Absolutely not. The enormous and terrible irony about Jean Baudrillard is that he is held up as the poster-boy for obscurantist rhetoric when he was - I will say this until I am blue in the face - its most tortured and prescient observer. He wound up becoming a *scapegoat* for the system that nobody - *nobody* - had a sharper critical eye for. There are no buzzwords going on there, and he was *mortified* by what he was witness to. As for course of action: this is to be super-unfair.
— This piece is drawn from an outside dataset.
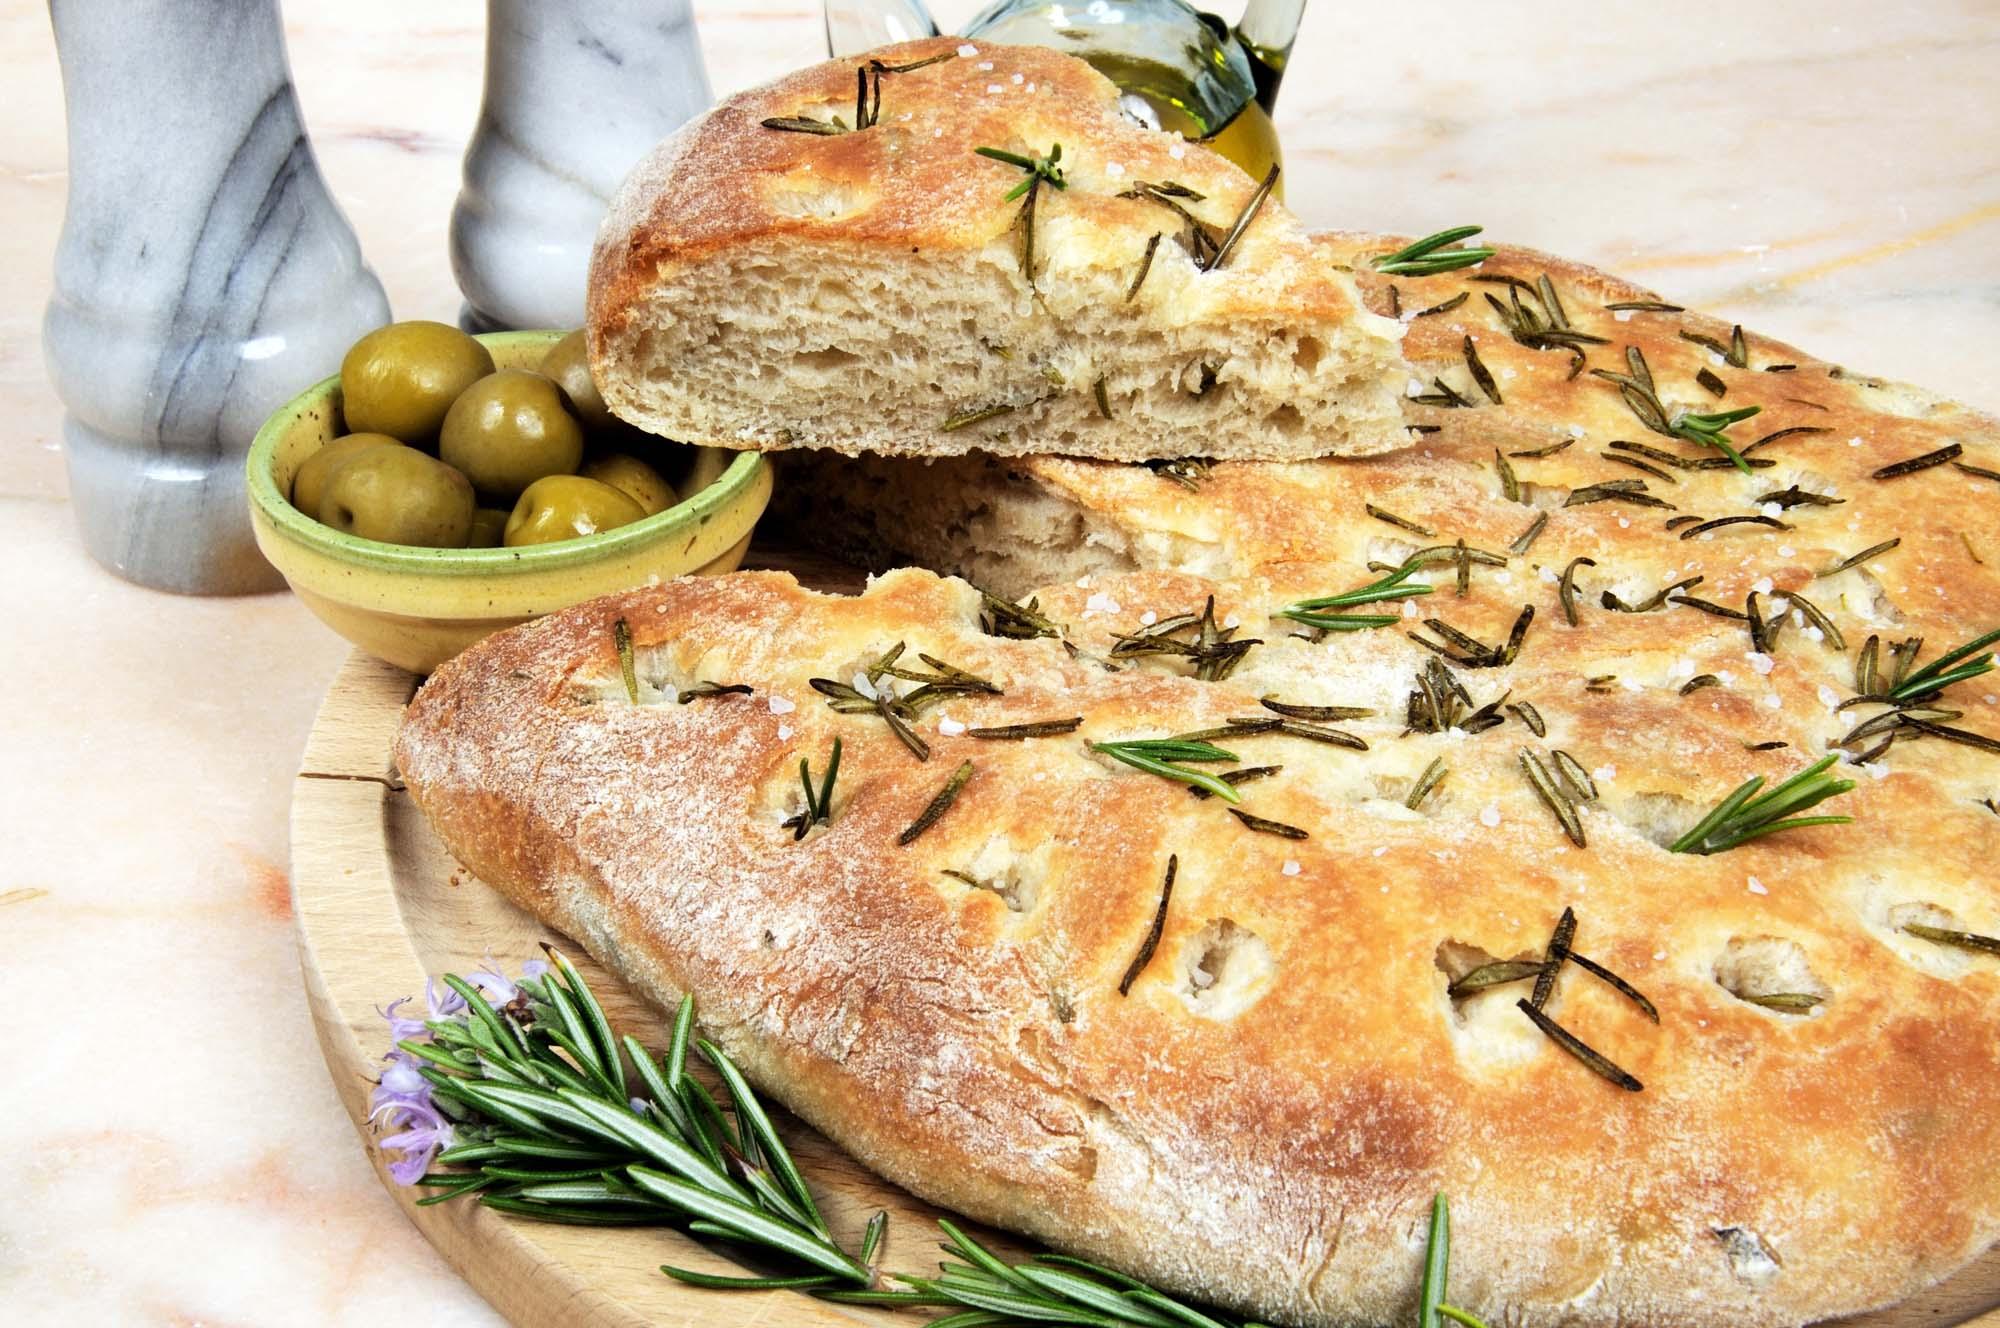 Bettina's brød med olivenolie, flagesalt og krydderier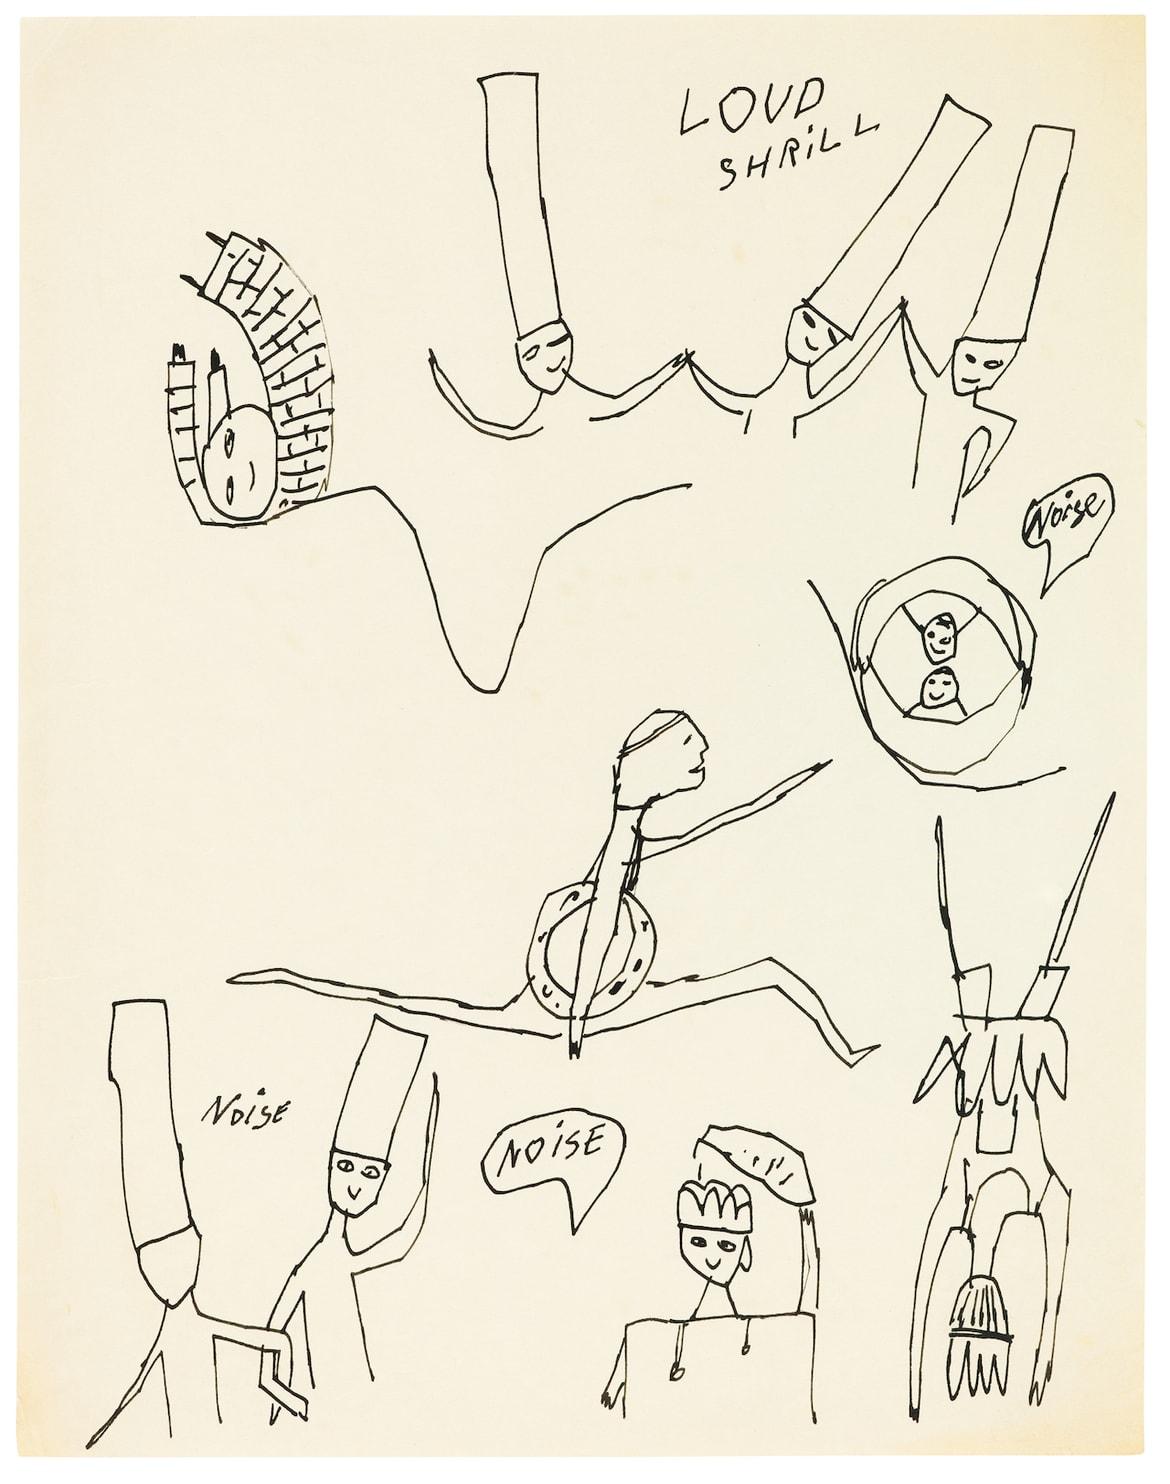 dance diagram andy warhol andy warhol early drawings   galerie bucholz hypebeast  andy warhol early drawings   galerie

It’s totally impossible to privilege Nietzsche’s response (in a word: tragedy) and then criticize Baudrillard for recognizing this *without endorsing it*. It wasn’t that he *couldn’t* prescribe a course of action, he knew that *prescribing programmatic courses of action for the masses would be *hypocritical.* He knew this all too well, which is why he *refrained from doing so* - but rather than accept what that meant, he tried to leave the door open for people to follow him down the rabbit hole and find answers of their own. He knew all too well the problem was offering a platform for mass action. There isn’t one. And it’s why it makes no sense at all that he is basically excoriated for refusing to do what he absolutely knew was wrong: propose an ideology. Nietzsche didn’t, but Baudrillard in his heart never agreed all the way with Nietzsche. And neither do I.

>> No.8757874 [View]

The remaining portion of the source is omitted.